How can we prove using mathematical induction that #n^2+n+1# is an odd number if n is a natural number?

1 Answer
Mar 31, 2017

See Explanation.
or try again yourself keeping in mind that : -
Any even number can be represented as 2t and any odd number can be represented as 2t+1 where t is also a natural number

Explanation:

Assuming you know the general algorithm of Principle of mathematical induction;

1 . Checking if the statement is true for #n=1#.
#1^2+1+1 = 3# which is odd

2 . Assuming statement is true for some natural number #k#.
i.e. #k^2+k+1# is odd.
i.e. #k^2 + k +1 = 2l+1# where #l# is another natural number.

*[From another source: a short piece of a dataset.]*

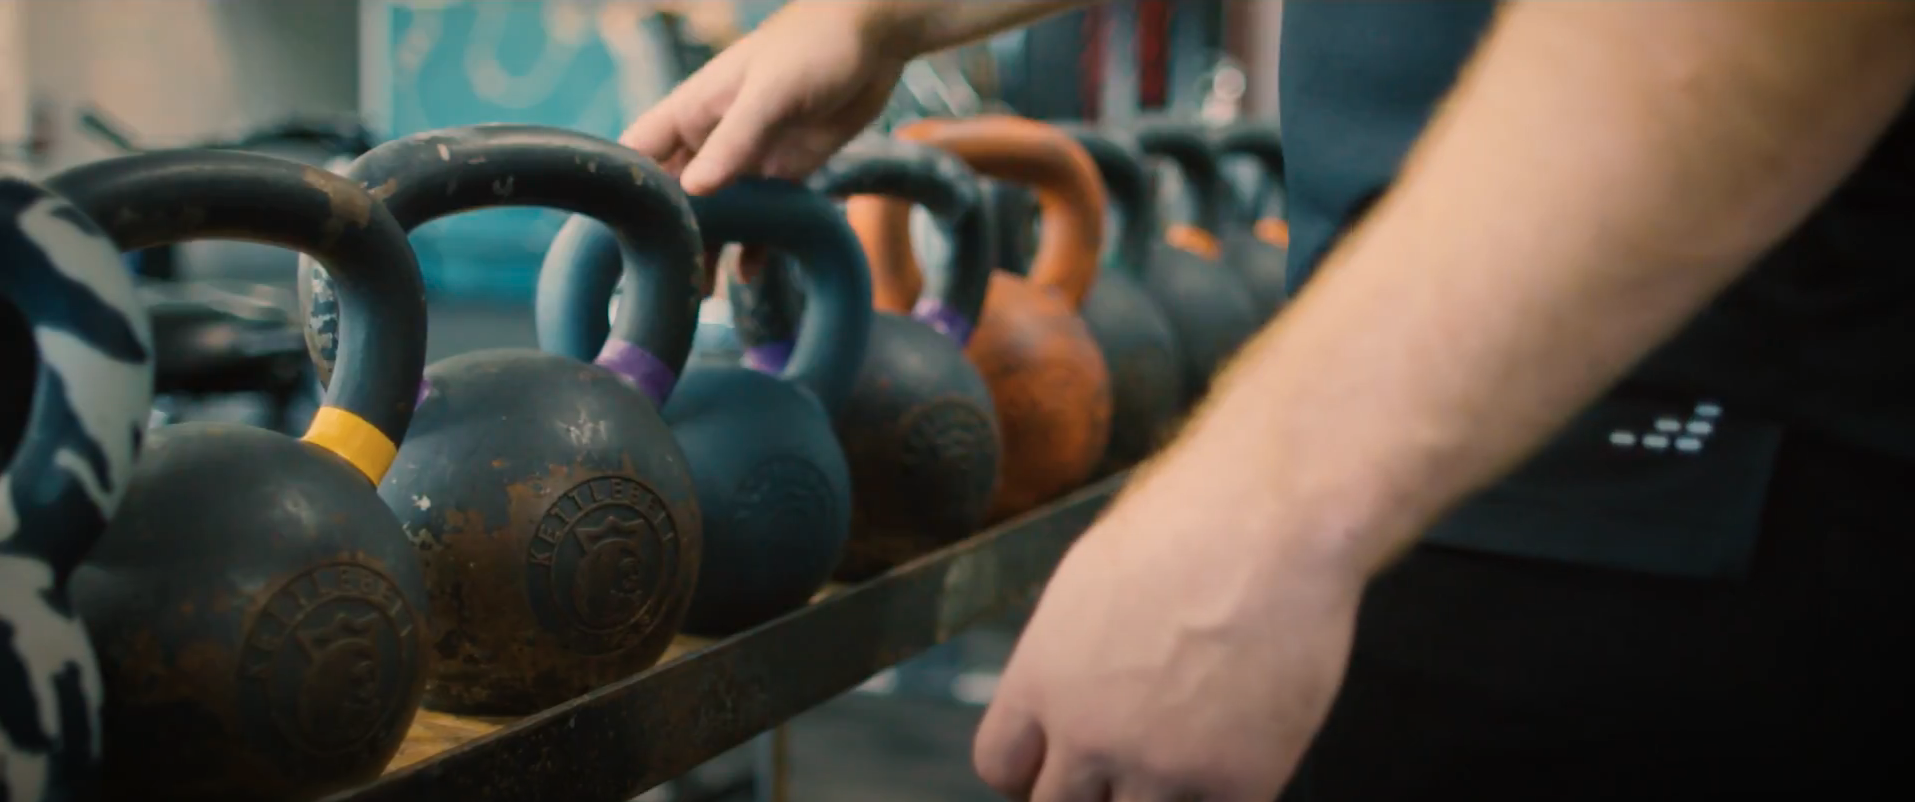 person reaching for kettlebell in gym

[any even number can be represented as 2t and any odd number can be represented as 2t+1 where t is also a natural number]

3 . To prove that statement is true for natural number next to #k# i.e. #k+1#.

#implies# to prove that # (k+1)^2+(k+1)+1# is also odd.
# (k+1)^2+(k+1)+1 = k^2 + 1 + 2k + k +1 +1#
#= (k^2 + k +1) +2k +2#
#= (2l +1) +2(k+1) # (from point 2.)
#=2l +1 +2(k+1)#
#= 2(l+k+1) +1#
#= 2p+1# #-=# ODD (where p is a natural number)

now since all three, #l, k, 1# are natural numbers, their sum i.e. #l+k+1# is also a natural number and can be represented by another natural number.